Keynote Georg Greve: Rising to the challenge of our own success

published Oct 30, 2009

Keynote by Georg Greve, at the Plone Conference 2009 in Budapest, Hungary

I am a developer, physicist, author, working for Free Software Foundation Europe.

"Politics is a process by which groups of people make decisions." (http://en.wikipedia.org/wiki/Politics) Decisions about how to spend money, do we relicense software, anything.

"Everything is politics" (Thomas Mann).

The Plone Foundation has Relicensed some of the software this year. You managed to boil that down to a majority vote. Plone could only do that because it has the Plone Foundation. Without such a body you would need consensus, where there is no active opposition to an idea anymore. Consensus can work, but it can also lead to "shoutocracy" where the loudest voices win. For relicensing consensus is not enough, you would need unanimity. Can lead to deadlock, for example when one of the contributors is dead and can no longer agree to anything.
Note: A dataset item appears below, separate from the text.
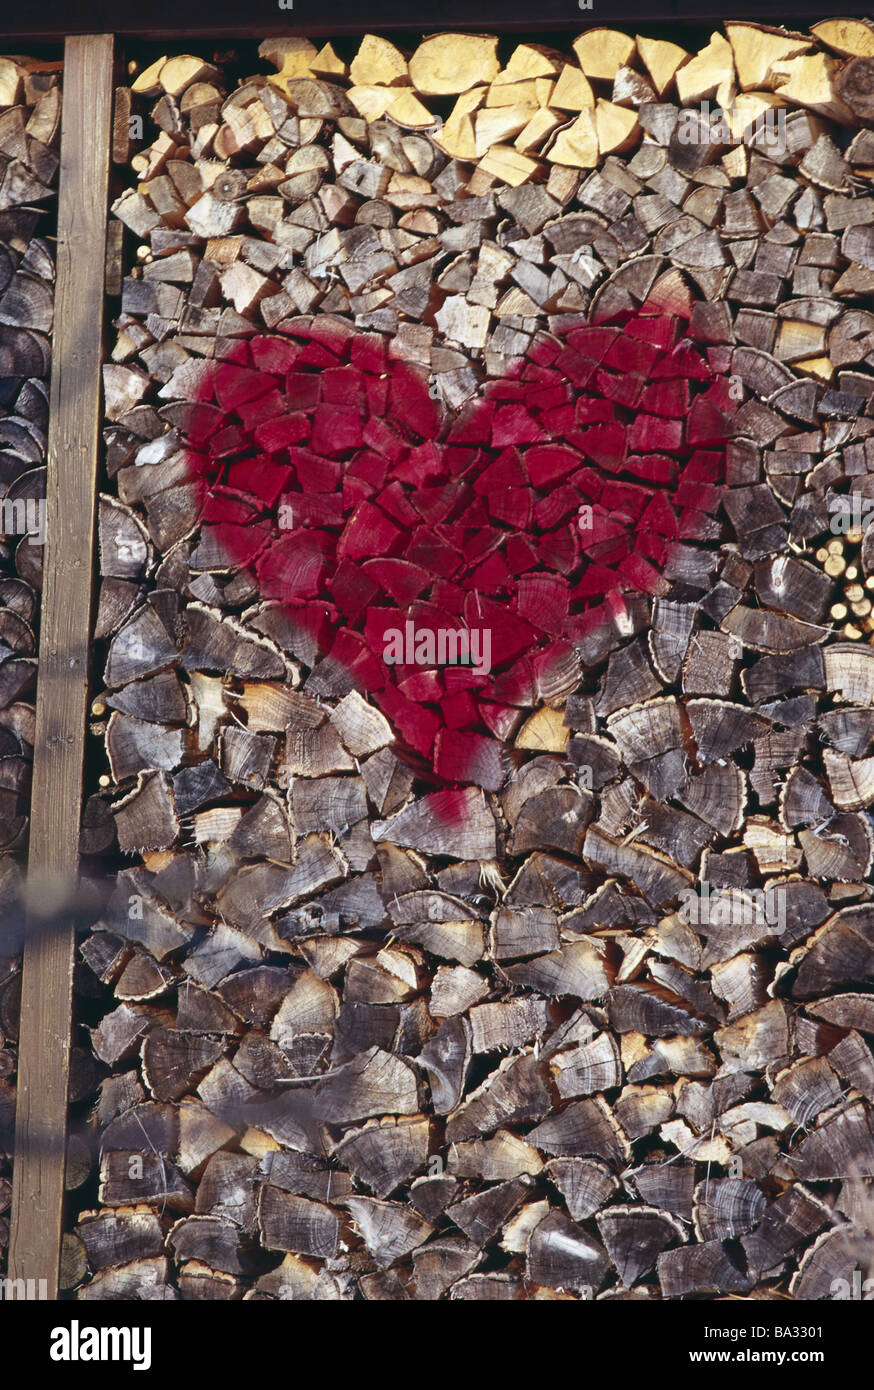 Detalle delantero Woodpiles corazón rojo madera aufgesprüht-push materia prima de energía alternativa LEÑA LEÑA LEÑA de madera registro registros Foto de stock

Copyright law. For national laws you need majority. In bi/multilateral situations you need unanimity: all parties have to agree. In the United Nations you need consensus. Unanimity can lead to harsh situations, where one party is obviously stronger, or single-party systems where the party says "everyone voted for us".

"In politics, nothing happens by accident. If it happens, you can bet it was planned that way." (Franklin D. Roosevelt).
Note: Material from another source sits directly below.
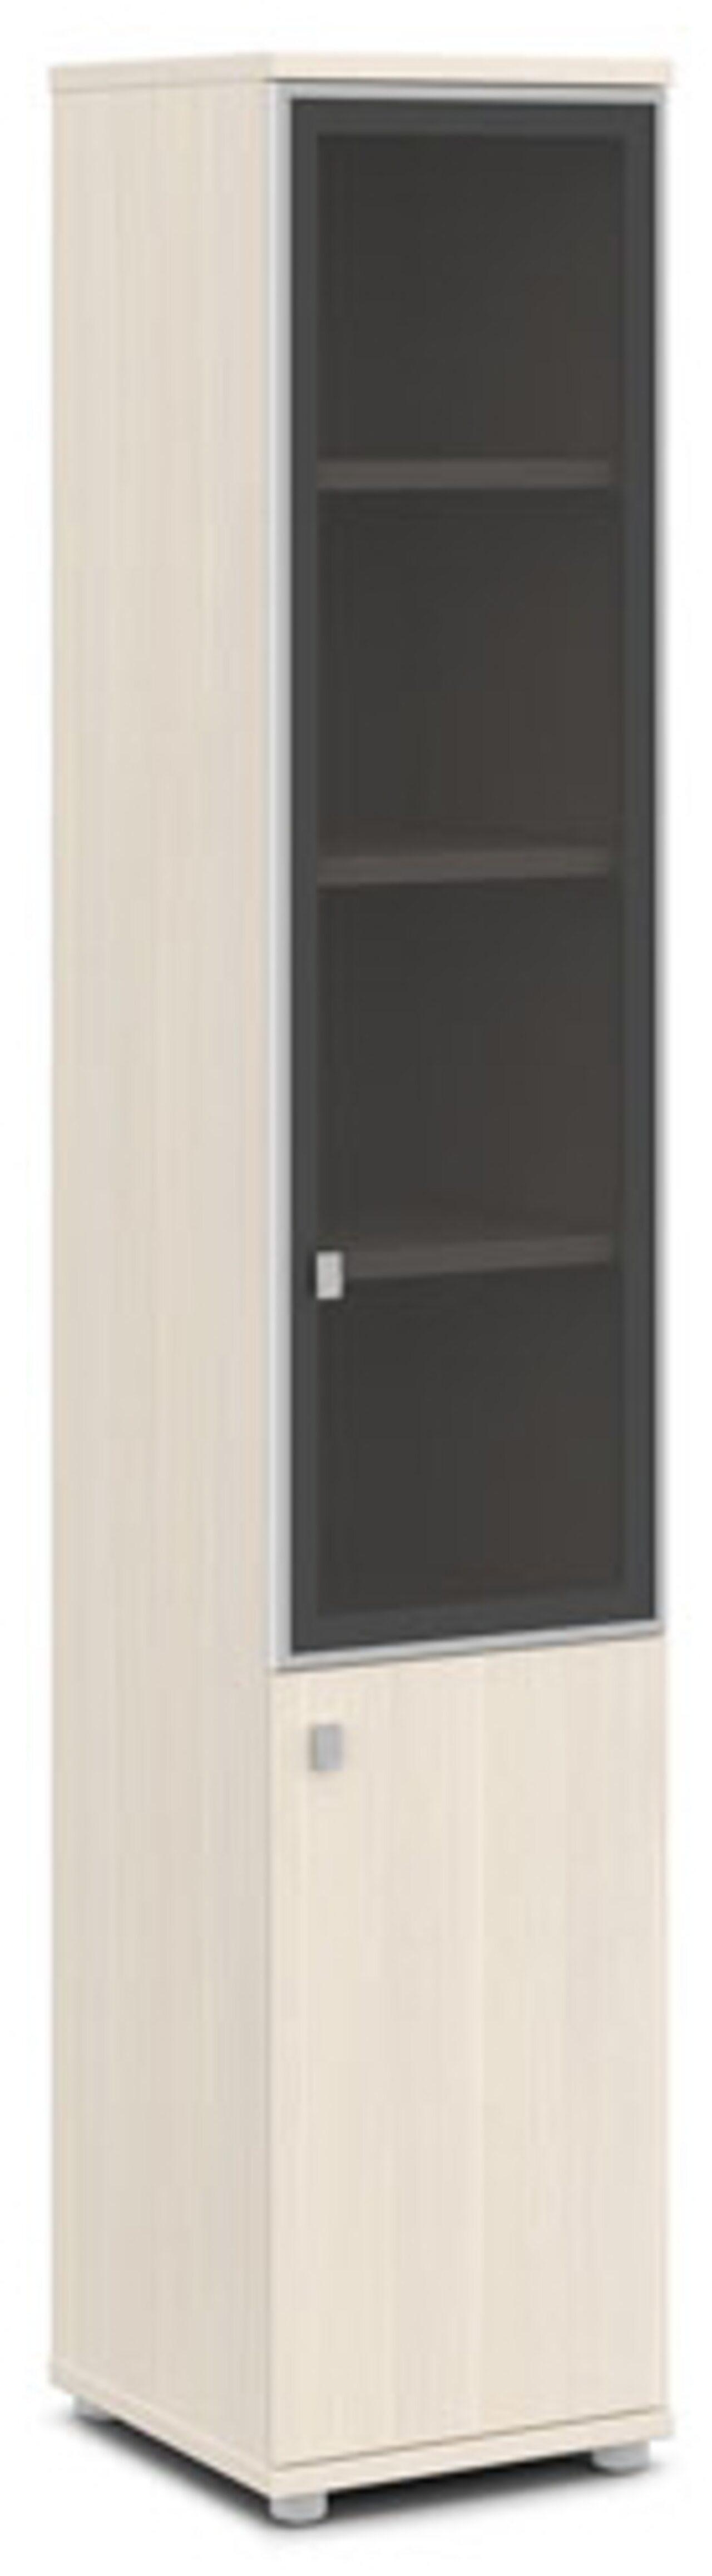 Шкаф со стеклом в алюминиевом профиле  (правый)  Vasanta 42x44x220 - фото 4

Trade Related Aspects of Intellectual Property Rights (TRIPS) agreement. Was a coalition of the willing. U.S. Special 301 asks corporations: which companies have been "naughty" this year? Leads of black/grey-listing on behalf of the other corporations. Lobbying is very, very profitable, calculated as 22,000 by a few professors.

"Politics is too serious a matter to be left to politicians." (Charles de Gaulle)

You have to be at the negotiation table otherwise you have no influence, your wishes/needs will not be taken into account. Software patterns, web standards are affecting all of us.

"Those who are too smart to engage in politics are punished by being governed by those who are dumber." (Plato)

Challenge: single vendor versus community. Plone has decided it is a community. How do you address growth? How do we keep our core strong when more and more people come to the community? How do we keep our community able to make decisions? What about the structural "bottleneck bugs" that you know have to be fixed but no-one wants to do it and no customer is going to pay for it?

Open Database Alliance, http://odba.org, is being created. Membership fees are for 50 percent allocated by members and only 20-30 percent allocated by the board. So if either the members or the board want something, it can happen. There is room for plurality and diversity there, also room for Plone as it is also about databases.

Some conclusions.

  1. Get active. Get involved. "In politics, an organised minority is a political majority." (Jesse Jackson)
  2. The most important asset of Plone is you, the community.
  3. Coordinate with your allies. You are not alone. Others are working on the same issues as you. Build alliances with them. That way you can shape things.

"What do your want to be a sailor for? there are greater storms in politics than you will ever find at sea. Piracy, broadsides, blood on the decks. You will find them all in politics." (David Lloyd George)

Build structures that allow your core people to operate without burning out.

Don't make enemies lightly; keep a professional dispute on a professional level: don't make it personal. It is easier to turn a friend into an enemy than turning an enemy into a friend.